EXERCISE DESCRIPTION: From the records below, set down exactly the lines starting with the line that contains "Renaissance Bracelet in" and going on through the line that contains "Commerce-Square-Lisbon". Nothing else is wanted.

INPUT DATA:
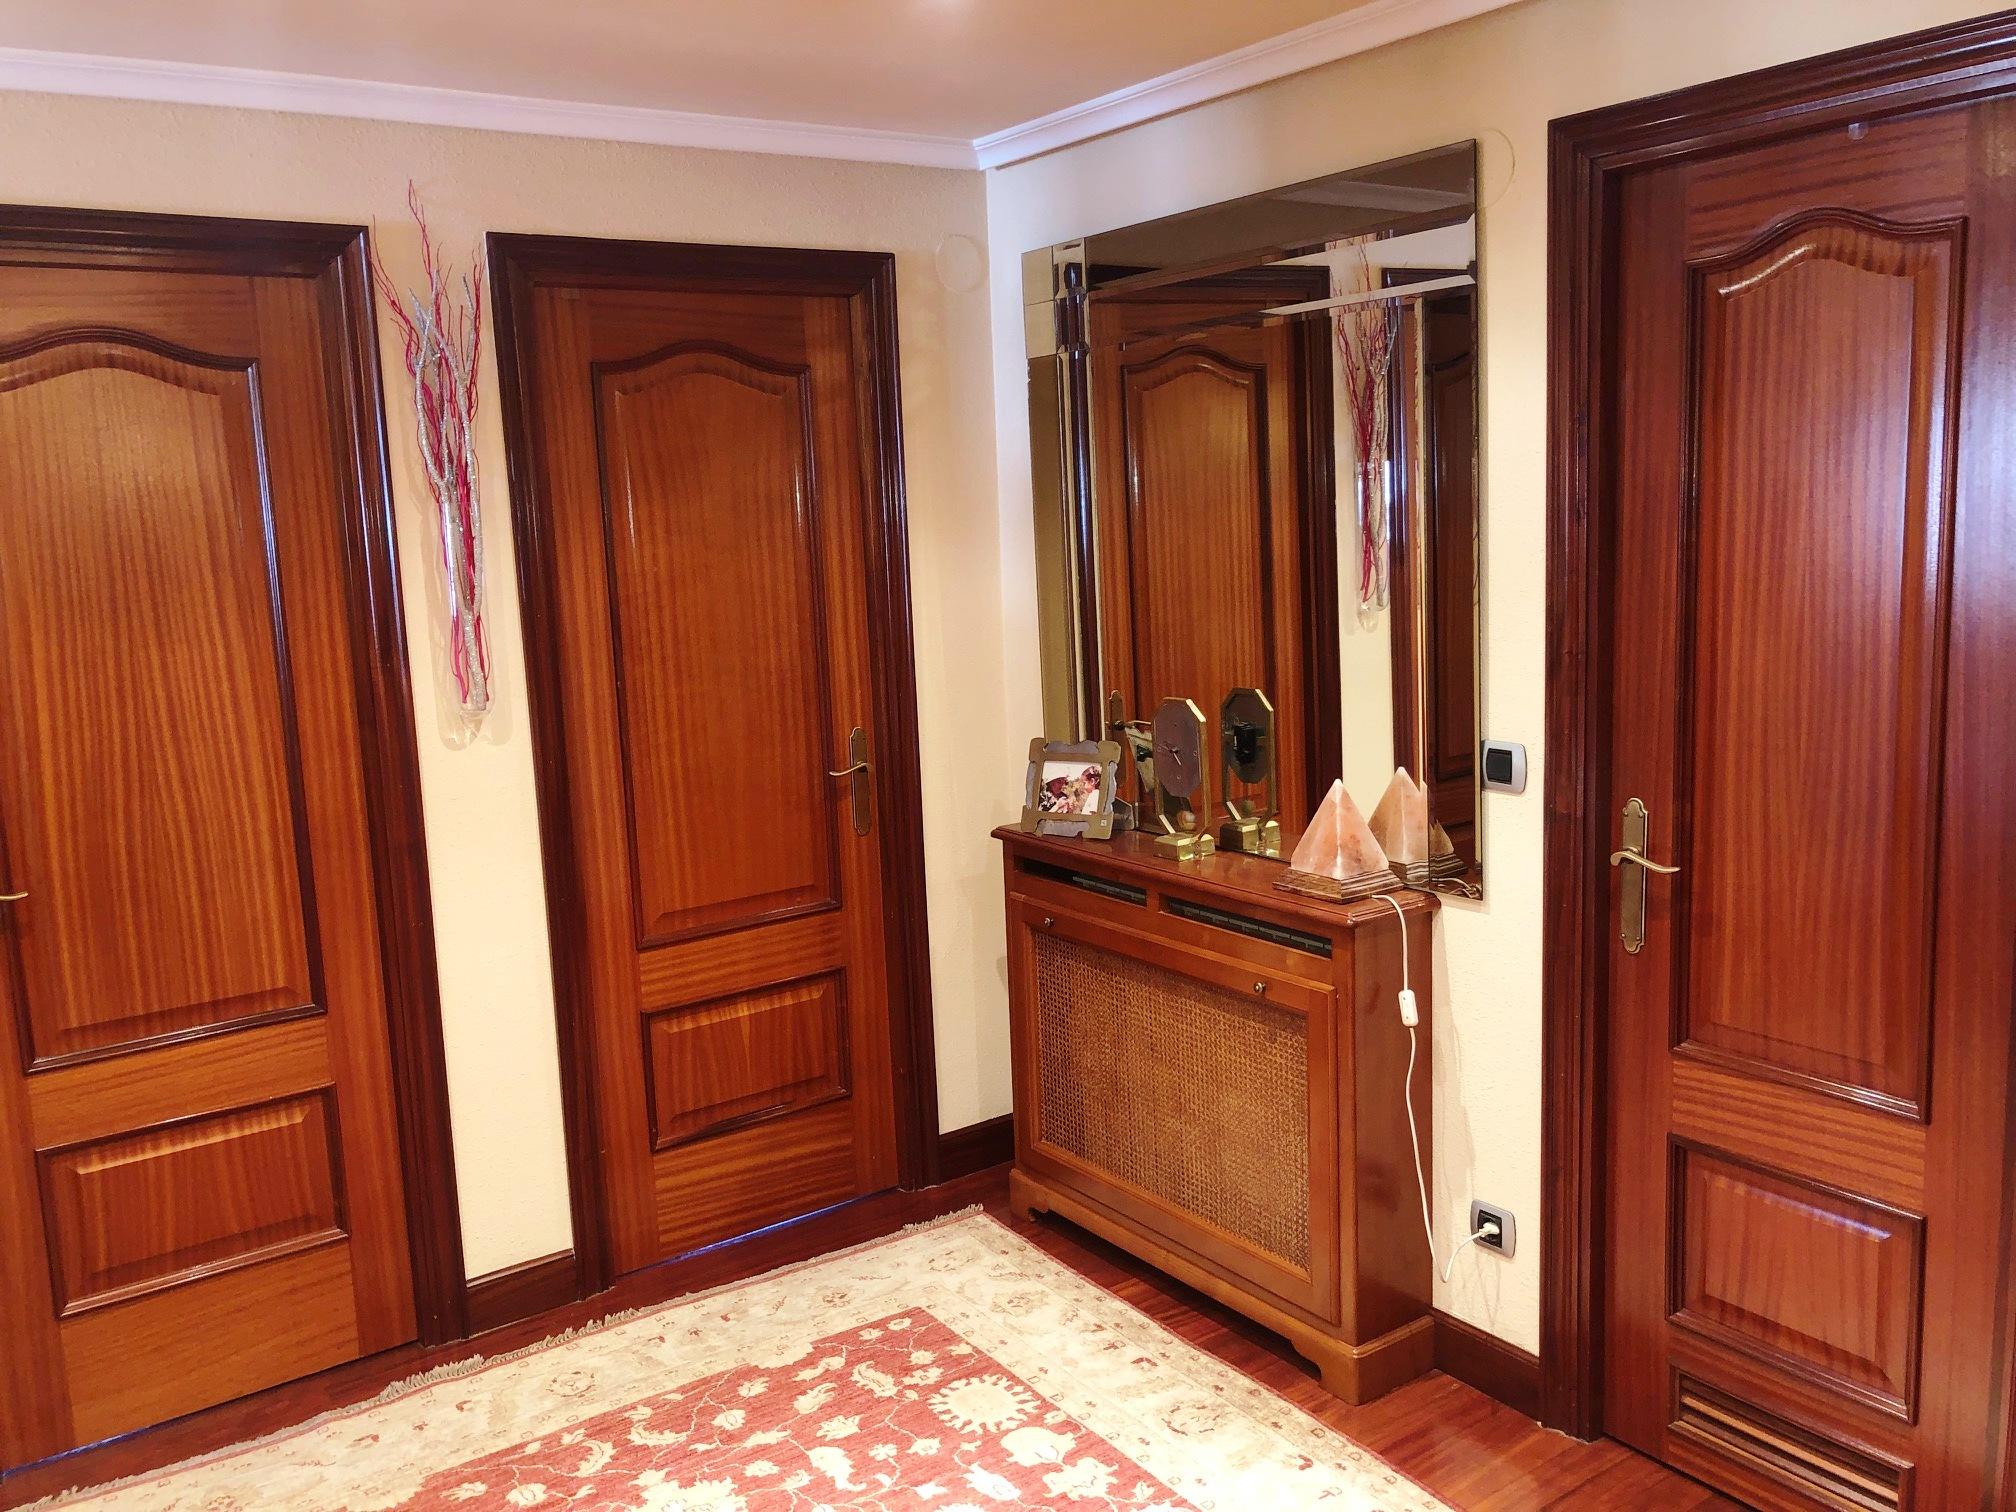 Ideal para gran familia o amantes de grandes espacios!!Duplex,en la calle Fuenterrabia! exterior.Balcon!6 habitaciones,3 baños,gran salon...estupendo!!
* * *
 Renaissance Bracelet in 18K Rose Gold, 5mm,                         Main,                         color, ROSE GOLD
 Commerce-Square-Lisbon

YOUR SOLUTION:
 Renaissance Bracelet in 18K Rose Gold, 5mm,                         Main,                         color, ROSE GOLD
 Commerce-Square-Lisbon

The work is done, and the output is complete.